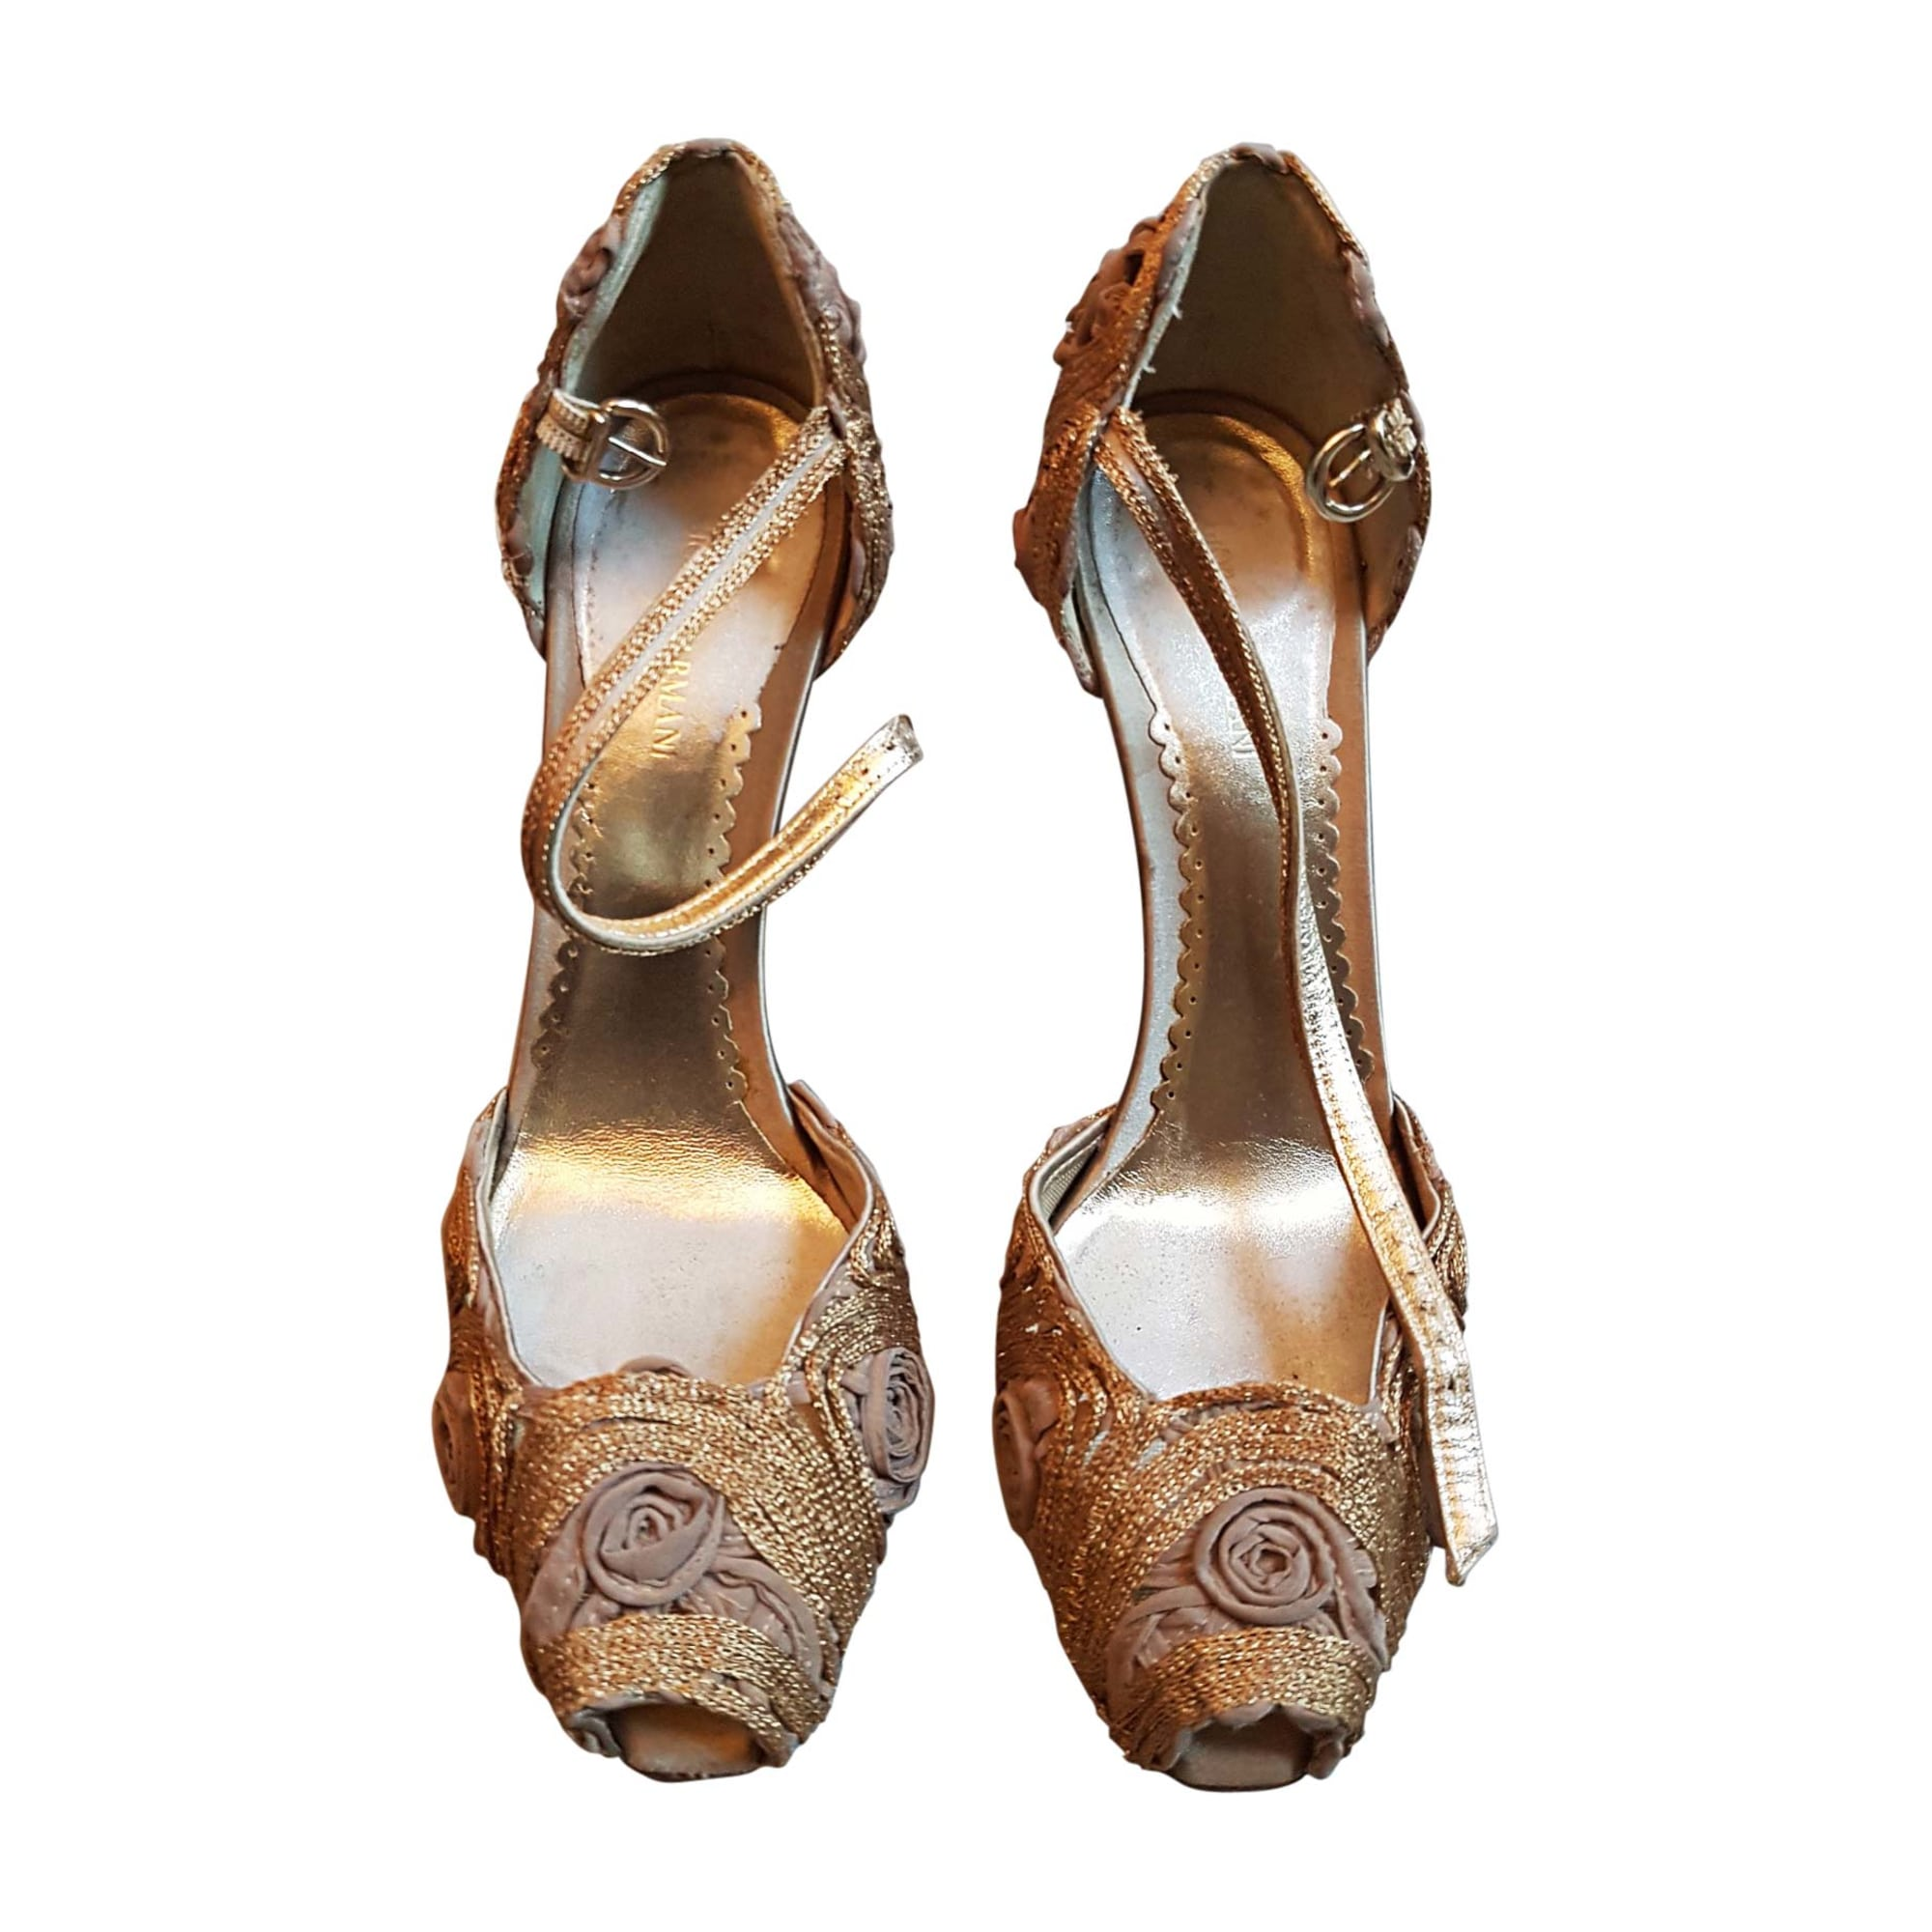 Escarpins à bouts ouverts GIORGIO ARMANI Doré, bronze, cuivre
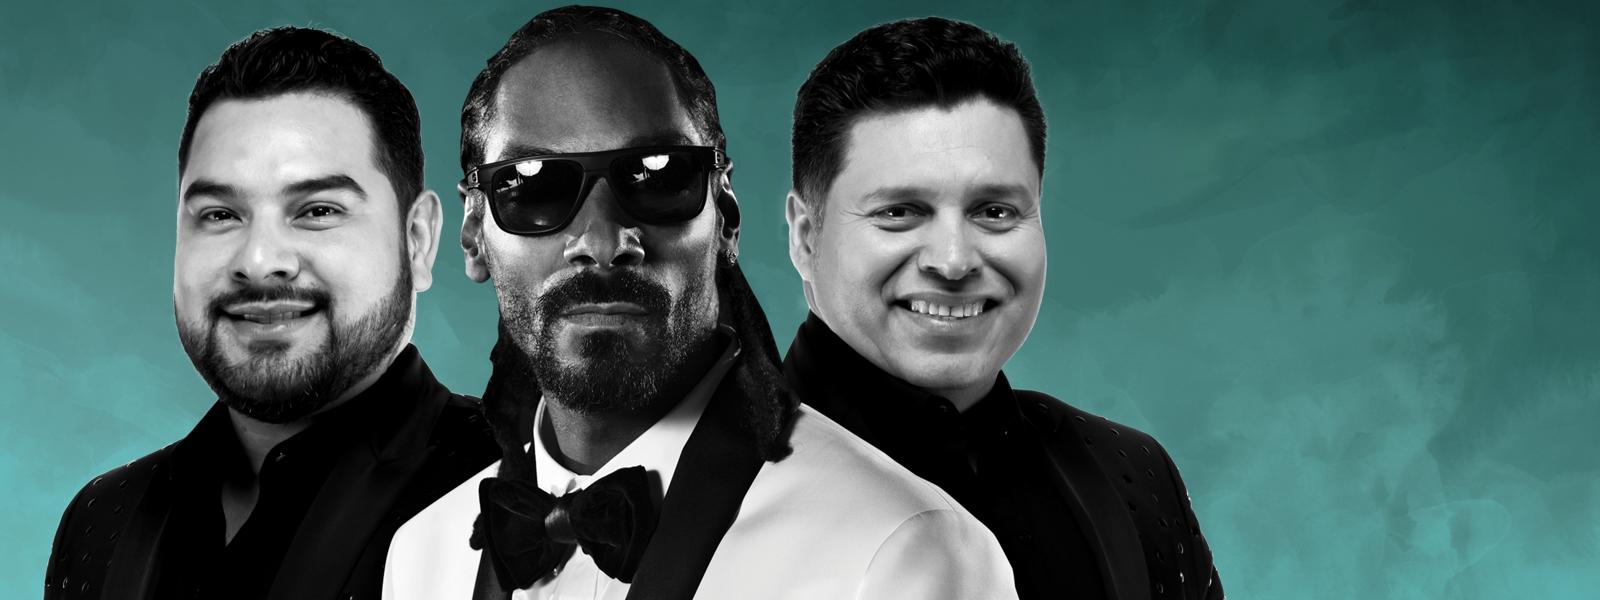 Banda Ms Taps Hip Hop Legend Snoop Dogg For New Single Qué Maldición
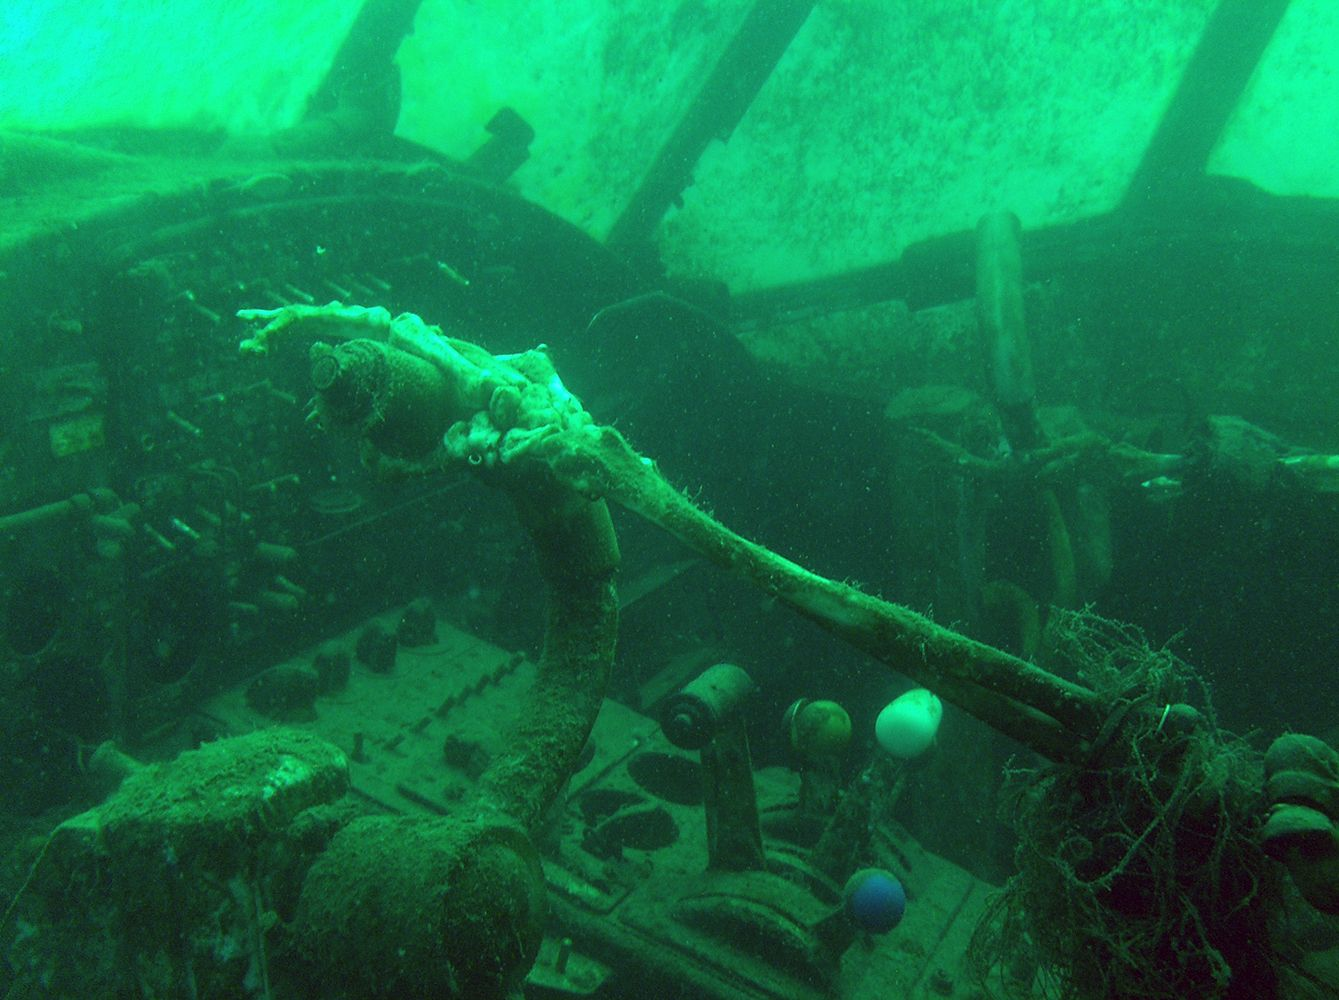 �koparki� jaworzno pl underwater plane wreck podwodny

Your instructions ▸ The copy has to start at the line that contains "Banda Ms Taps" and end at the last line of the material above, matching the original exactly and holding no pictures.

Response to this exercise ▸
 Banda Ms Taps Hip Hop Legend Snoop Dogg For New Single Qué Maldición
 �koparki� jaworzno pl underwater plane wreck podwodny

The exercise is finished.